# Replacing marker light bulbs.



## CourtJester

Does anyone know how to change the bulb in the rear marker light of an Aviano? The handbook says to let the garage do it but I don't fancy paying out pounds and pounds just to change a bulb!! 

I have removed the two retaining screws and managed to remove the lens. The rear of the lens is covered in a sticky goo-like substance, (sikoflex?).

Anyone done the job?


----------



## jud

GG222 said:


> Does anyone know how to change the bulb in the rear marker light of an Aviano? The handbook says to let the garage do it but I don't fancy paying out pounds and pounds just to change a bulb!!
> 
> I have removed the two retaining screws and managed to remove the lens.
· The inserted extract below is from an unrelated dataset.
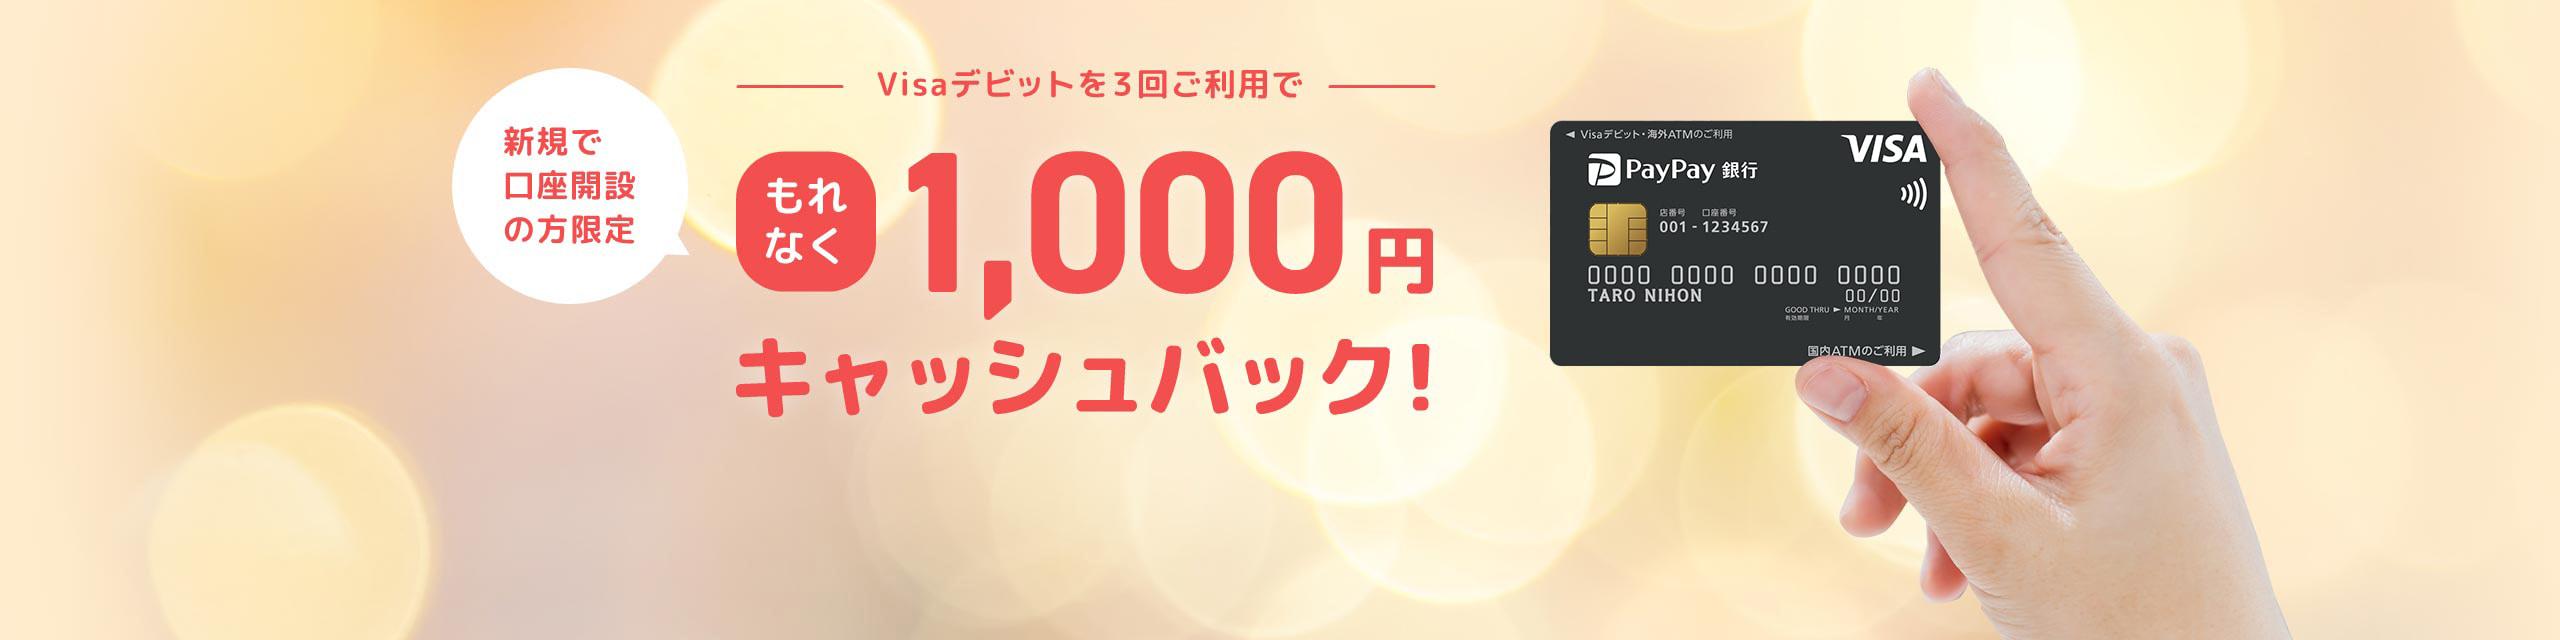 新規で口座開設の方限定 Visaデビットを3回ご利用でもれなく1,000円キャッシュバック!

The rear of the lens is covered in a sticky goo-like substance, (sikoflex?).
> 
> Anyone done the job?


hi gg22. if they are the pear drop shape you have removed the lens the bulb should be in the back with 2 wires hold the lens and screw half a turn the bit where the wires are connected and the bulb holder should come out then pull the bulb out its a push in fitting bulb then smear some vaseline around the wires to stop corrosion.jud


----------



## UncleNorm

My side markers keep blowing the 5 AMP fuse. I'm not sure why. Any ideas, Jud? I was lucky today. Our Coral passed her MOT but the side markers weren't included! :roll: :wink:


----------



## CourtJester

Thanks Jud, but unfortunately in my case, it does not seem so simple.
I have removed the rear marker light and scraped off all the silicon/sikaflex. There does not appear to be any way of getting at the bulb. The light fixture itself appears to be a sealed unit! 

I'm going to see if I can gain access from inside the rear locker.

I'm beginning to think that these lights are not expected to fail and if they do then it's a trip to the local service centre and a hefty bill!! .

But UncleNorm has cheered me up. Thanks UncleNorm. . If they are not needed for the MOT then I won't bother to replace any marker lights.

Thanks again to both.


----------



## raynipper

My Golf lost a tail light and it took me ages to work out how to gain access.
The hand book said it was a garage job and not an end user function.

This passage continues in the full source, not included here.